This makes it sound as if Jephthah vowed to either dedicate the first creature out of his house to God or to offer it up to Him as a burnt offering, but not necessarily both. The Concordant Literal Version reads roughly the same as Young’s.

The Hebrew prefix ו (v’), which is usually translated “and,” can also mean “or.” For example, God told Abraham, “He who is eight days old among you shall be circumcised, every male child in your generations, he who is born in your house OR bought with money from any foreigner who is not your descendant” (Gen. 17:12). One couldn’t be both born in Abraham’s house and also bought with money, so this same Hebrew prefix was translated “or” instead of “and.”

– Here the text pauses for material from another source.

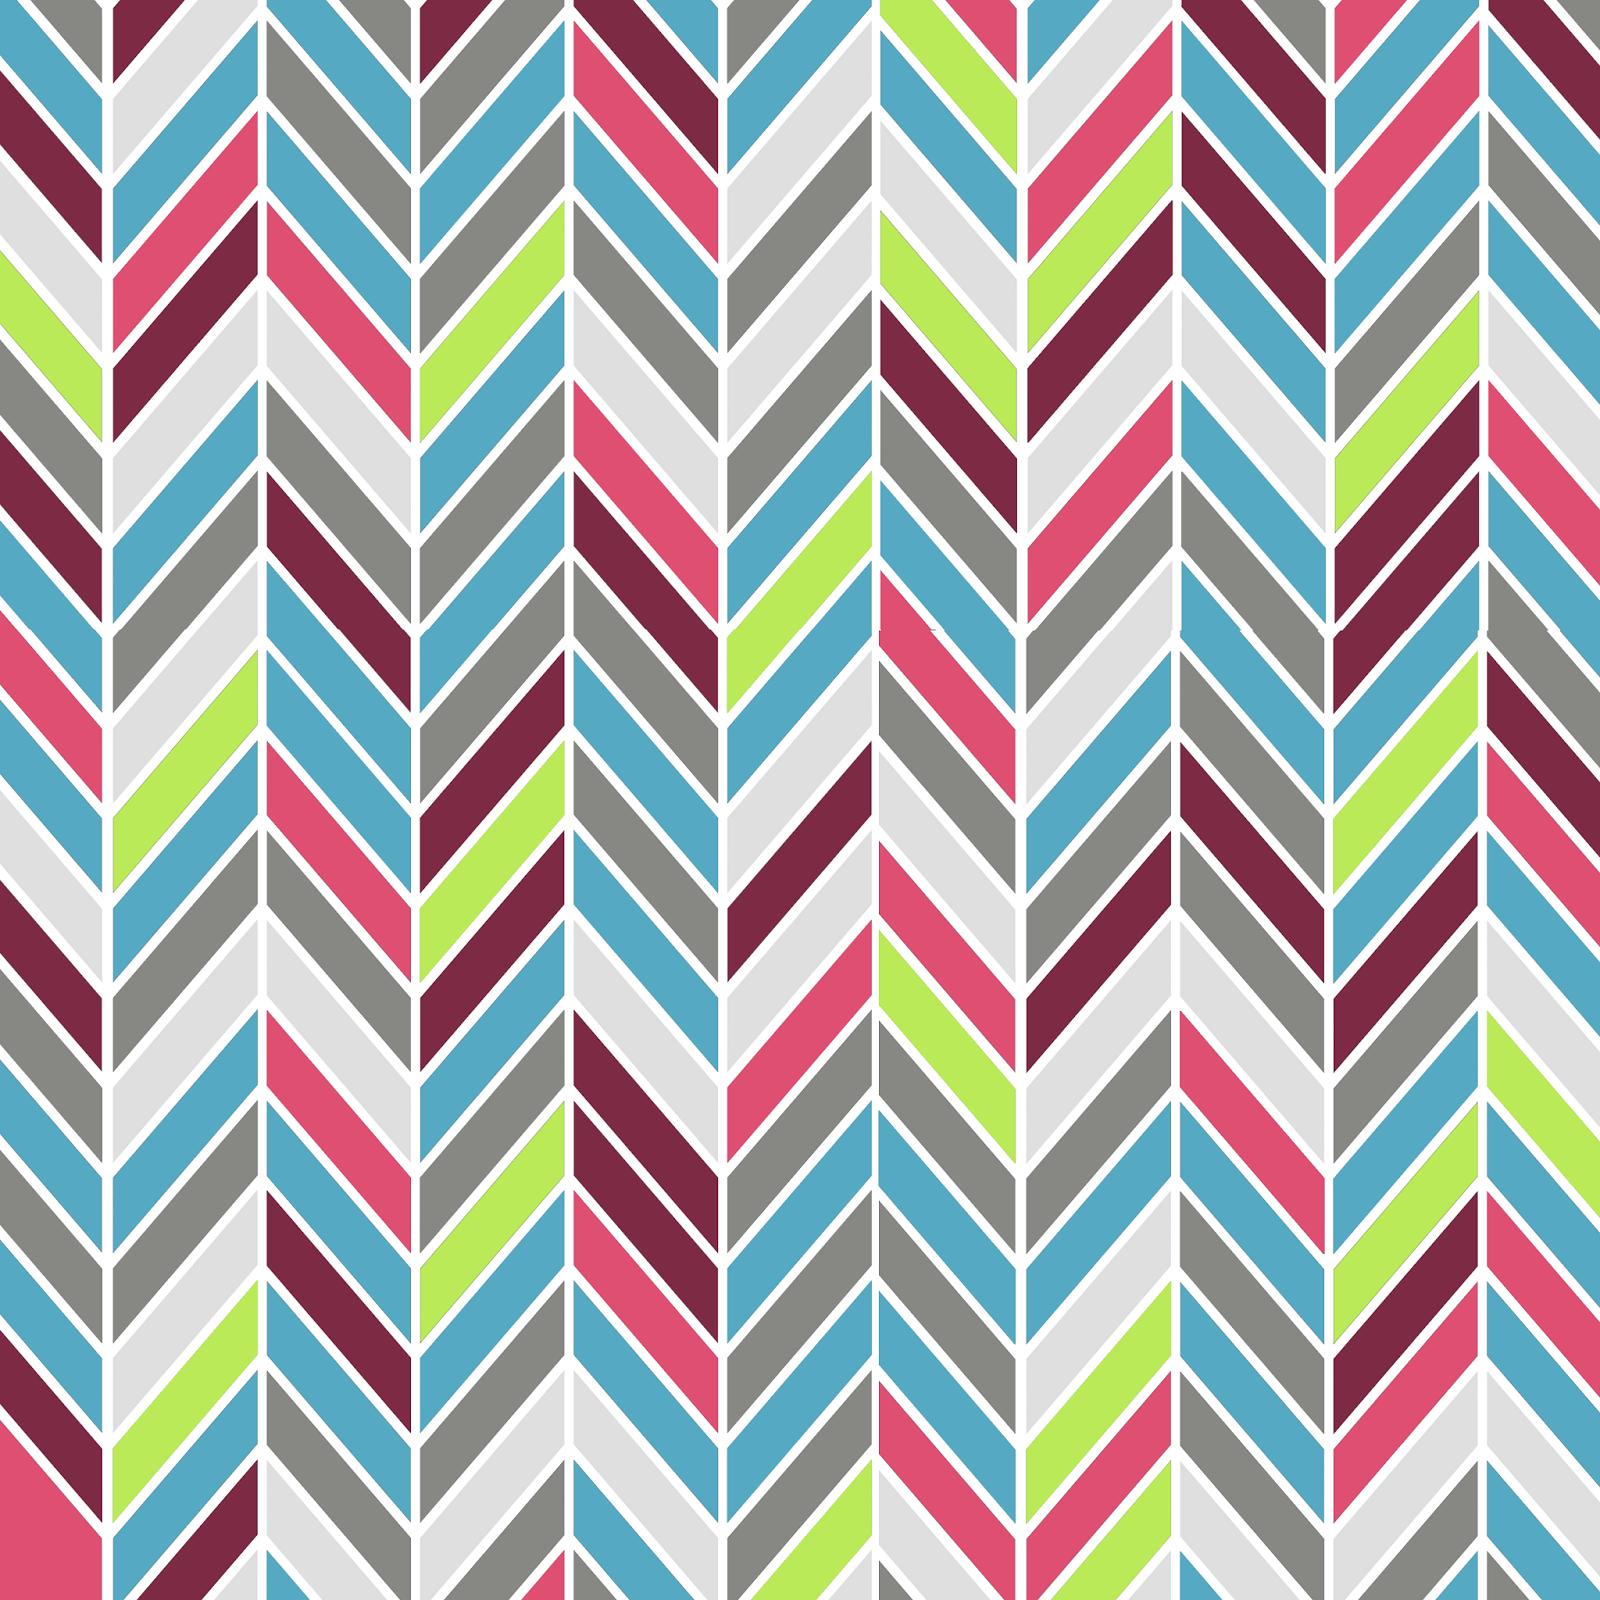 chevron pattern svg - HD1600×1600

But there’s more. Analyzing the Hebrew text, Adam Clarke pointed out that the passage can also be translated, “Whatsoever cometh forth of the doors of my house to meet me - shall be the Lord’s; and I will offer Him a burnt-offering.”

So did Jephthah vow to offer the first creature out of his house to God as a burnt offering? Or did he vow to dedicate it to God, and also to offer a burnt offering? It appears there’s room for ambiguity in the text.

But before we can answer this riddle, let’s examine the nature of vows themselves. How binding is a vow?


The Gravity of Vows

God told Moses, “When you make a vow to the LORD your God, you shall not delay to pay it; for the LORD your God will surely require it of you, and it would be sin to you” (Deut. 23:21). And again, “If a man makes a vow to the LORD, or swears an oath to bind himself by some agreement, he shall not break his word; he shall do according to all that proceeds out of his mouth” (Num. 30:2).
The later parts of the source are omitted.